У меня похолодело внутри. Так значит, уже началось. Но почему он? И что теперь делать?

― Я не... Я... По другой линии... В этих вопросах я не решаю... ― сбиваясь отвечал я, чувствуя, как рубашка становится мокрой и начинает липнуть к спине.

Профессор вонзился в меня взглядом.

― Для вас и для Нади я сделаю все, что смогу, чего бы мне это ни стоило, ― в конце концов выдавил я.

Твой голос, раздавшийся издалека и приглашавший к столу, позволил мне вздохнуть с облегчением. Ужин накрыли в гостиной. К счастью, в профессорском доме существовало табу на разговоры о медицине, погоде и политике во время еды, и тогда Потапов, оказавшийся страстным книгоманом, любителем философии и спорщиком, предложил поговорить о случае и судьбе.

Ты, сидевшая рядом со мной, под столом положила мне ладонь на колено.

― Вот ты, Базиль, веришь в то, что все, что происходило, происходит и будет происходить в этом мире ― незыблемо предопределено?

― Конечно, не верю, ― ни секунды не колеблясь, ответил я.

― Это почему? ― спросил Потапов.

― Ну как почему? Мне кажется, что всем нам, находящимся в этой комнате образованным людям, должно быть понятно, что события в мире и в жизни случаются потому, что у них на то были определенные предпосылки: экономические, политические ну или частные жизненные обстоятельства, если взять отдельного человека. Если цепочка этих предпосылок складывается одним образом, то развивается один сценарий, если другим, то другой. Все это довольно очевидно!
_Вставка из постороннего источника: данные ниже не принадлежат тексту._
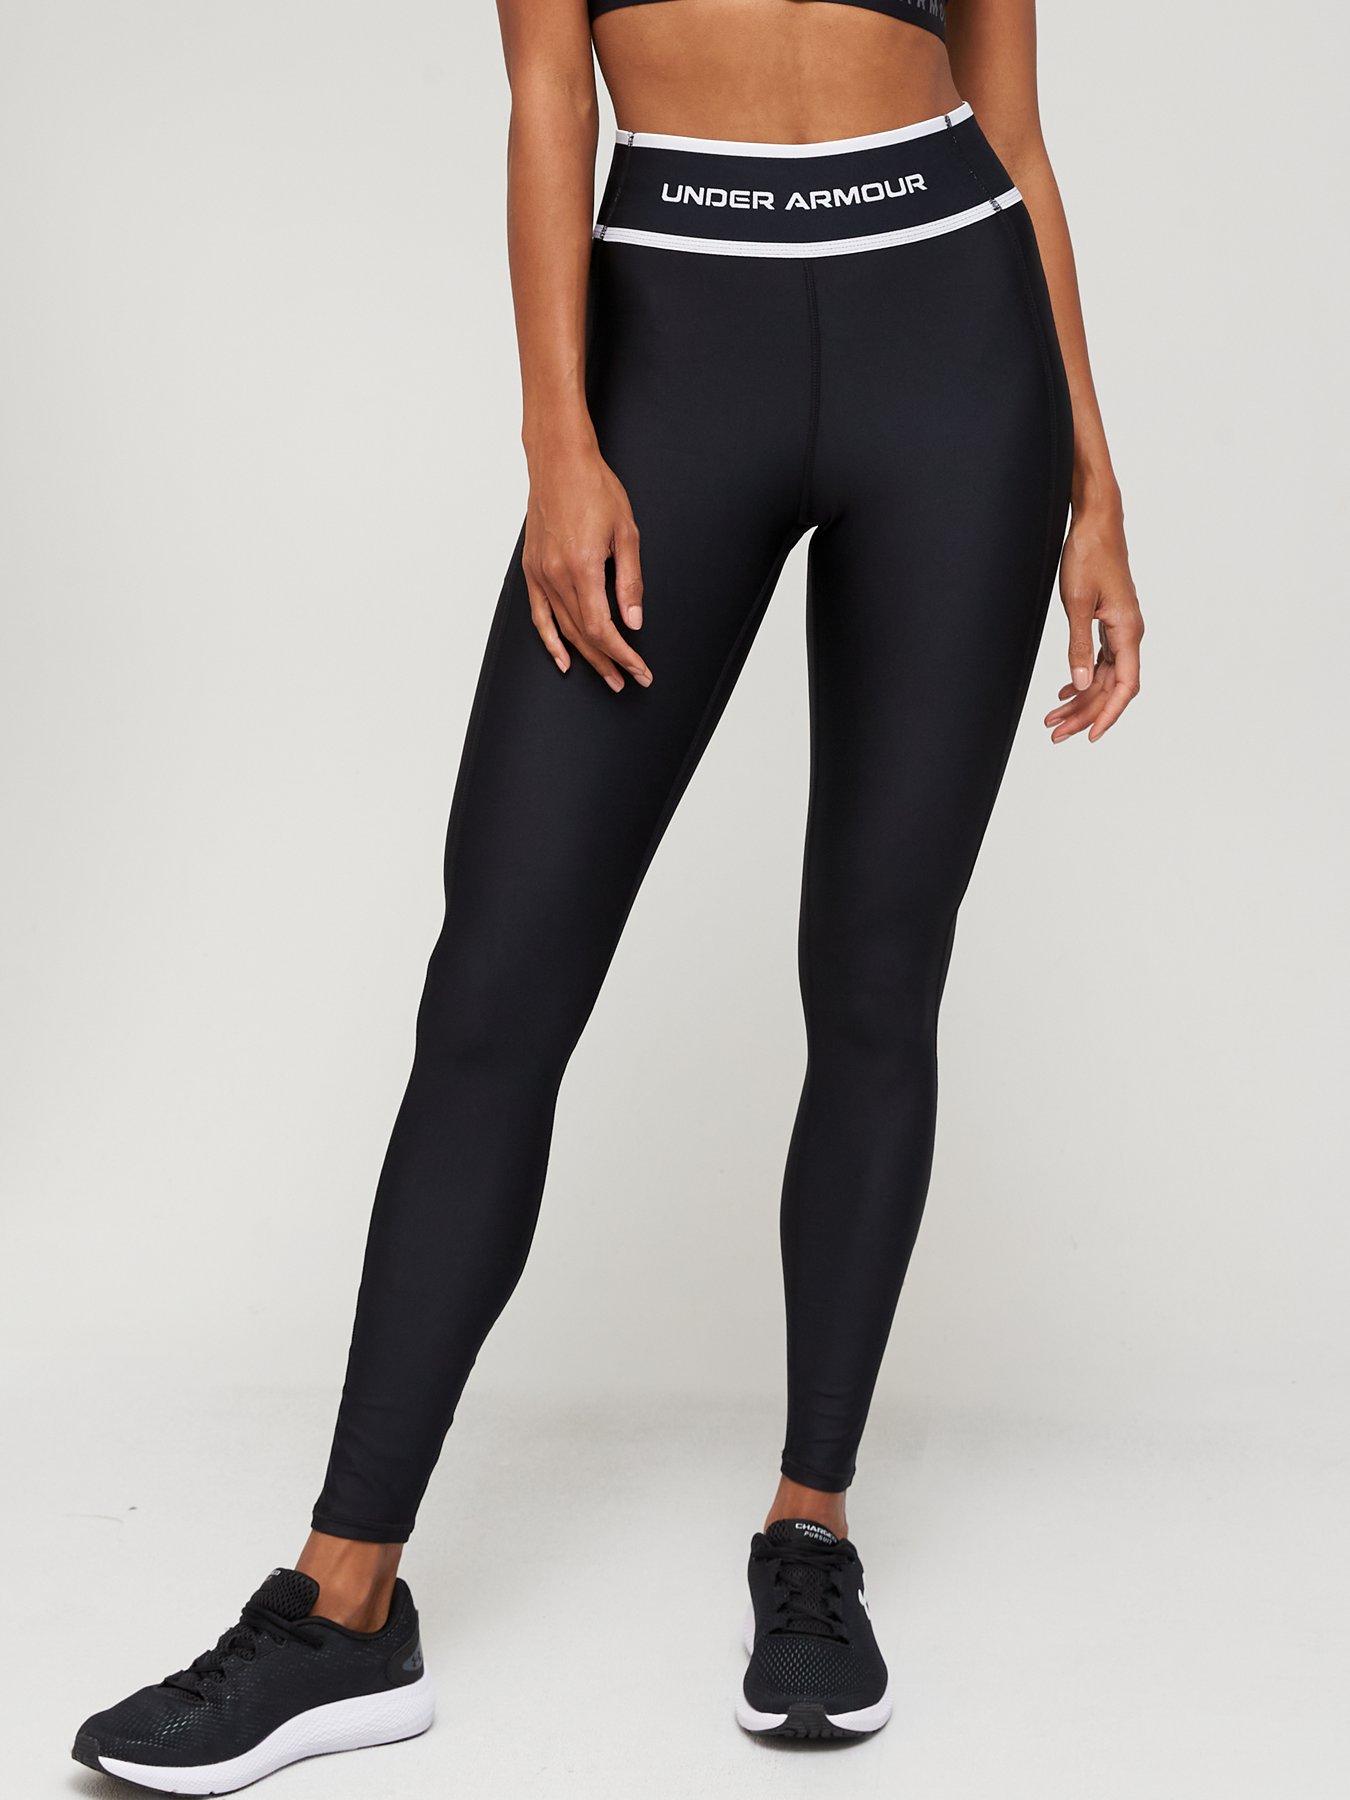 Under Armour Heatgear Capri Ladies 3/4 Tight Sports Pants Black Nip Size XS

― Ну ведь как-то получается так, что в одних случаях цепочка складывается одним образом, в других ― другим, а в третьих ― не складывается вовсе. Кто-то за этим стоит?

― Мы за этим стоим! Мы! Люди. От нас зависит все ― полетит ли когда-нибудь человек на Луну, начнется ли война... Да все зависит.

― И что же война ― начнется? ― спросил Потапов. Что было ответить на это? У нас в Управлении война шла уже давно. На протяжении нескольких месяцев мы разрабатывали, согласовывали, меняли и дополняли планы укрепления боевого духа войск ― «на всякий случай». Все мы знали, что она неизбежна, но никто не предполагал, что должно послужить ее началом, и от этого сложно было до конца осознать ее реальную близость. «В июне войны не будет», ― гласили утренние новости на селекторе. И мы тысячу раз повторяли эту мантру, так, что сами в нее поверили.

― Войны не будет, ― ответил я и поднял глаза на твоего отца. Он смотрел себе в тарелку безо всякого выражения.

― Фуух, я так и думала, ― беззаботно воскликнула ты, ― Базиль-то точно знает!

― Послушайте, а жизнь? Как с этим быть? ― упорствовал Потапов.

― Мне странно слышать такой вопрос от медика! Разве не вы каждый день возвращаете к жизни людей, уже стоящих на краю могилы? Разве не вы вырезаете опухоли, кормите больных пилюлями, делаете им уколы, чтобы поставить их на ноги? Человеческая жизнь в руках докторов! Да и зачем бы тогда были нужны врачи, если бы все было решено наперед?!

― Но врачи же не всесильны.

― Вопрос квалификации?

― Как сказать...

― А что, ― вступилась ты, ― если врач делает лишь часть своей работы, скажем, 50%, а остальное ― зависит от воли свыше? Ведь много же таких случаев, да, пап? Сделал ты больному операцию: все прошло успешно, все показания к тому, что пойдет на поправку, а он взял и умер. Или наоборот ― по показаниям не жилец, ан нет, выкарабкивается с того света. Может, хороший человек, или должен сделать что-то важное, вот и возвращает ему бог жизнь.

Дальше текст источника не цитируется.